Building Cross-Disciplinary Collaboration in Data-Intensive Astronomy: A Modular Framework for Transparent Analysis

Introduction

Modern exoplanetary research increasingly requires combining expertise from astronomy, data science, and research software engineering. The complexity and volume of data from current and future missions demand not only robust processing techniques, but also transparent and reproducible analysis frameworks. In this context, we present a modular, open-source software framework developed to support systematic comparison of different data processing and modelling methods. Its architecture allows for flexibility, extensibility, and collaboration across disciplines.

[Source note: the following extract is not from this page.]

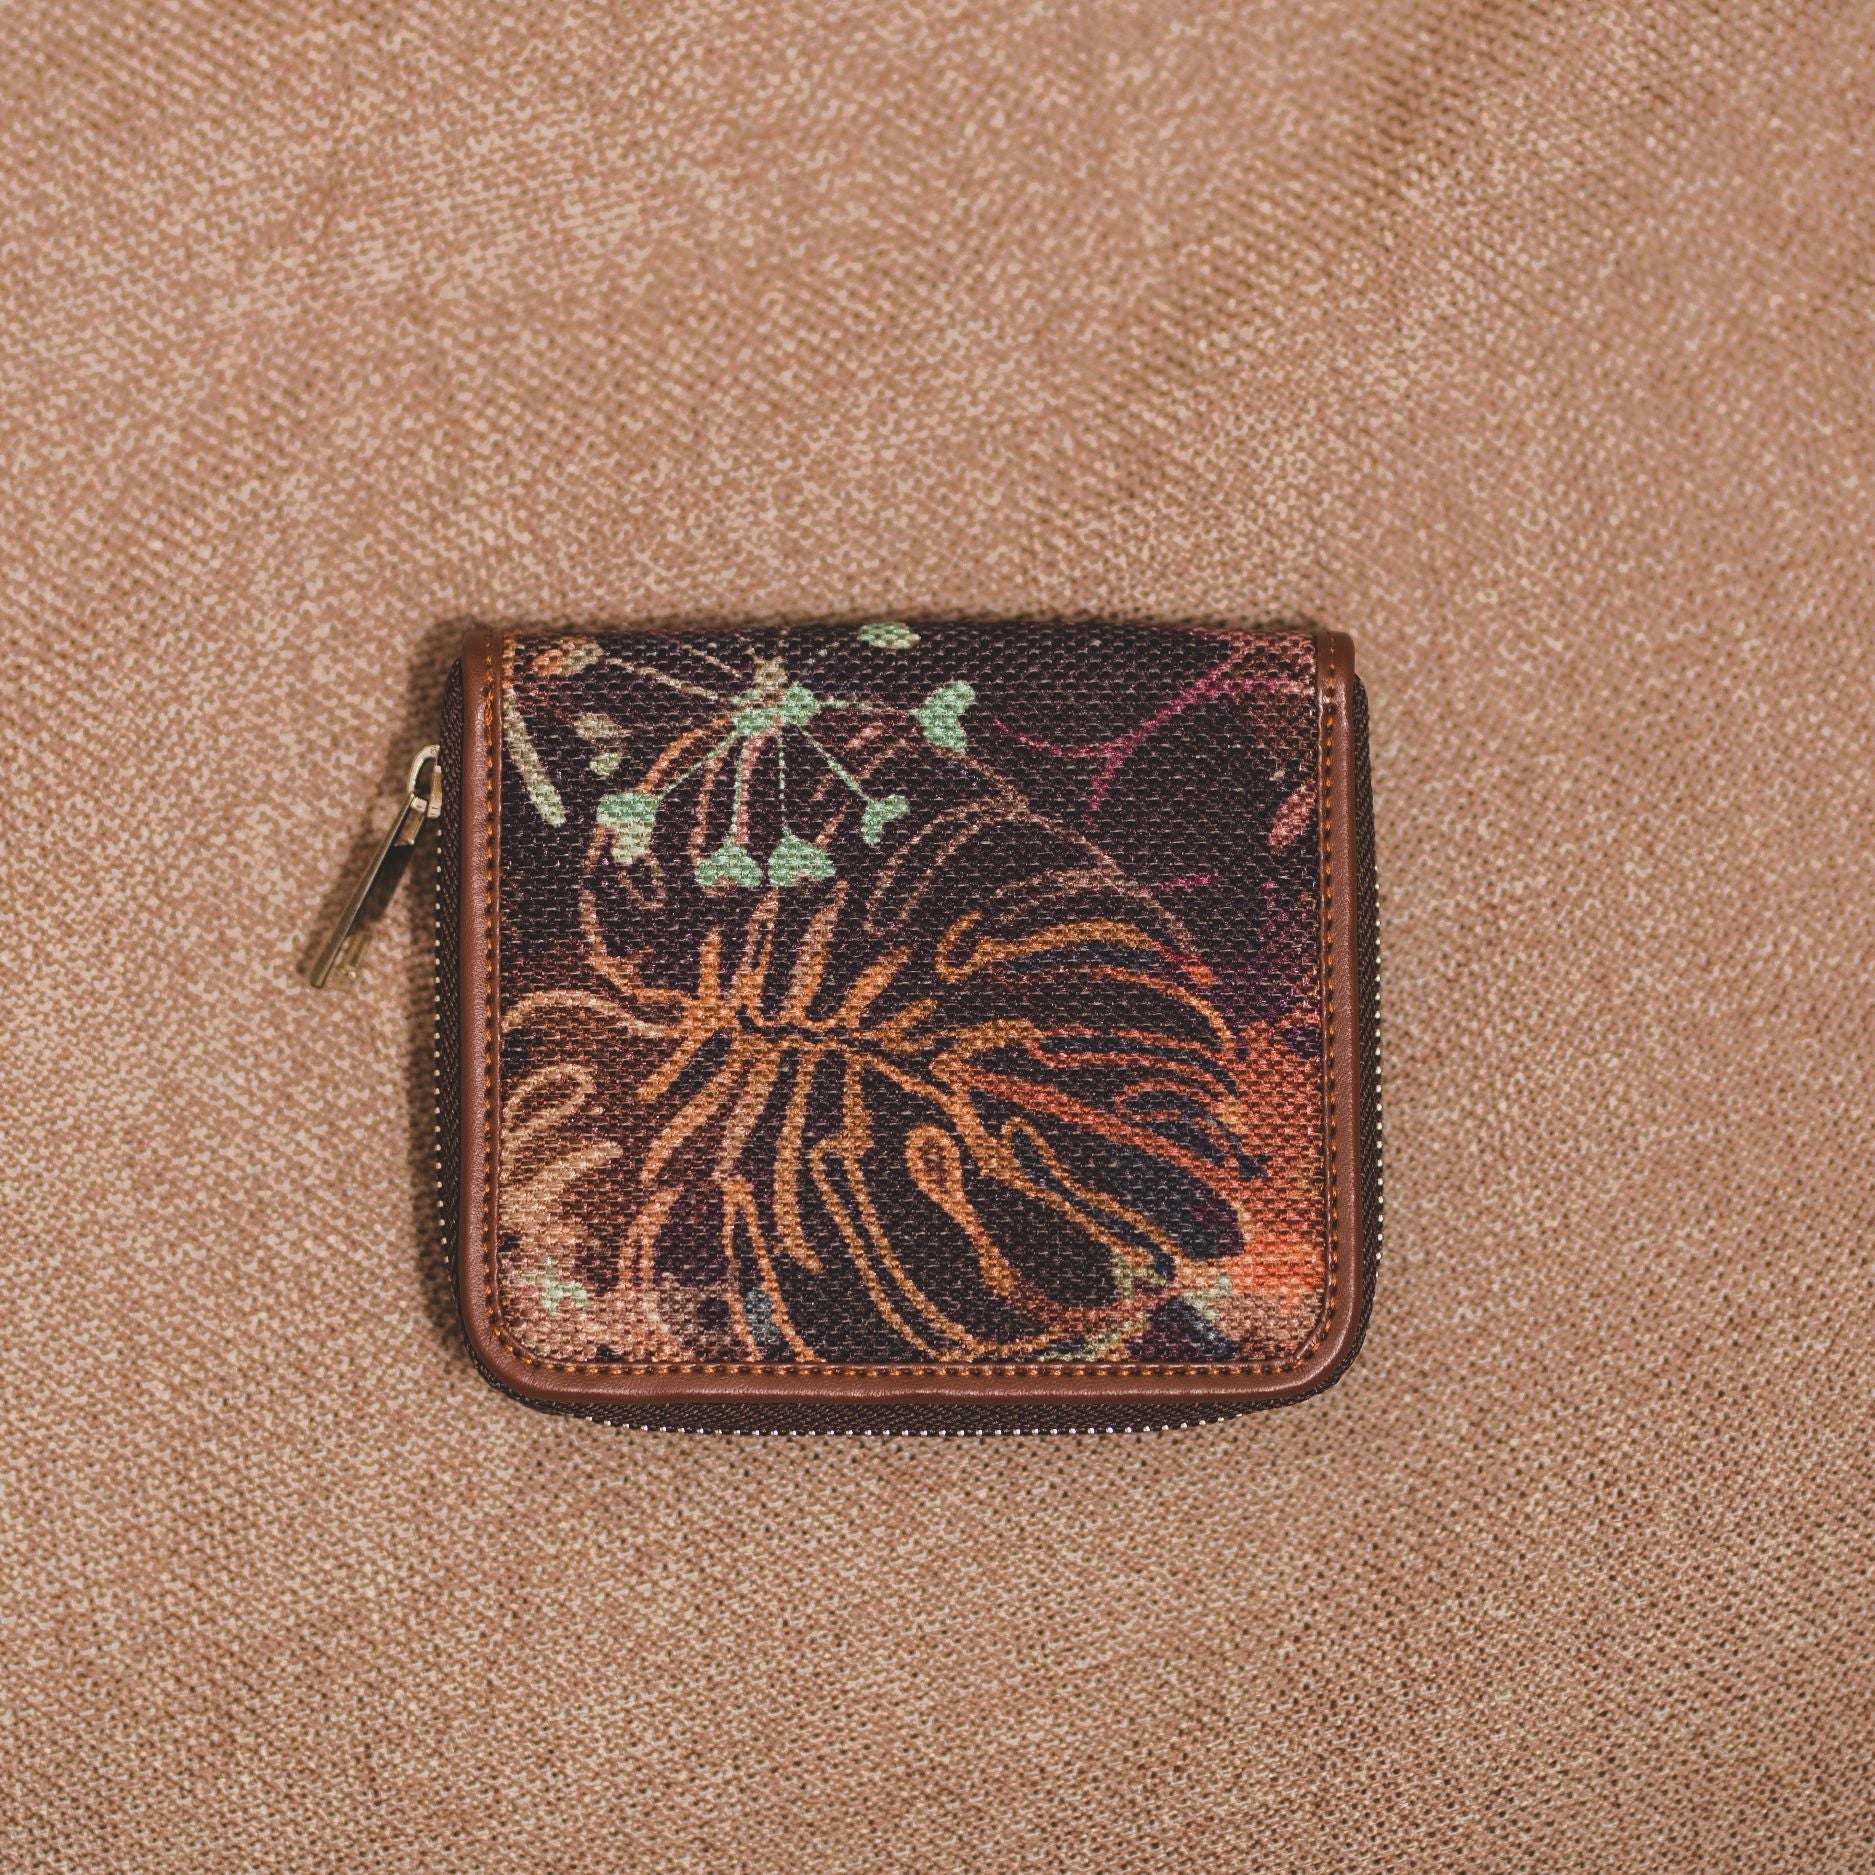 FloLov Women's Mini Wallet

The primary aim of this tool is to improve the reliability and interpretability of data-intensive exoplanet analysis workflows. By enabling the side-by-side application of multiple methodologies, researchers can better understand how specific assumptions and preprocessing decisions affect the outcomes of scientific inference.

Method

The framework allows researchers to create interchangeable modules covering stages such as data preparation, detrending, modelling, and parameter estimation. Each module is designed to operate independently within a defined interface, allowing researchers to substitute components and evaluate their effects on final results.

This design supports collaborative development and integration of methods by contributors with varied technical backgrounds. It facilitates comparative workflows and improves reproducibility by preserving the full sequence of processing steps used in each analysis.

As a proof of concept, the framework has been applied to the analysis of the long-period exoplanet candidate TOI-4409 b. This target was observed across 21 transits using a combination of ground-based and space-based photometric instruments, including TESS, ASTEP, CHAT, OMES, LCOGT, and PEST. The tool was used to integrate the datasets and test multiple modelling approaches in order to refine the planet’s properties. Additionally, the framework is being used in the analysis of archival TESS survey data to explore the effects of different noise-processing strategies on large-scale population-level studies.

Results

The application of the framework to TOI-4409 b demonstrated its capacity to manage multi-instrument datasets and compare model outputs under controlled conditions. The combined light curve analysis yielded updated estimates of the planet’s physical and orbital parameters, building on previos findings.

In parallel, its use in TESS archive analysis highlights the framework’s scalability and utility in benchmarking data-processing techniques across large datasets, allowing users to evaluate the impact of algorithmic variation on statistical outcomes.

Conclusion

This modular framework contributes to current efforts in research software engineering by providing a reproducible and extensible platform for astronomical data analysis. Its structure supports interdisciplinary collaboration by enabling clear communication and integration of alternative methodologies.

By presenting this tool within the EPSC-DPS community, particularly in the context of cross-disciplinary planetary science collaboration, we aim to introduce it as a useful addition to researchers' analytical toolkits, and to gather practical feedback from a diverse range of users to guide its development and ensure it aligns with real scientific needs.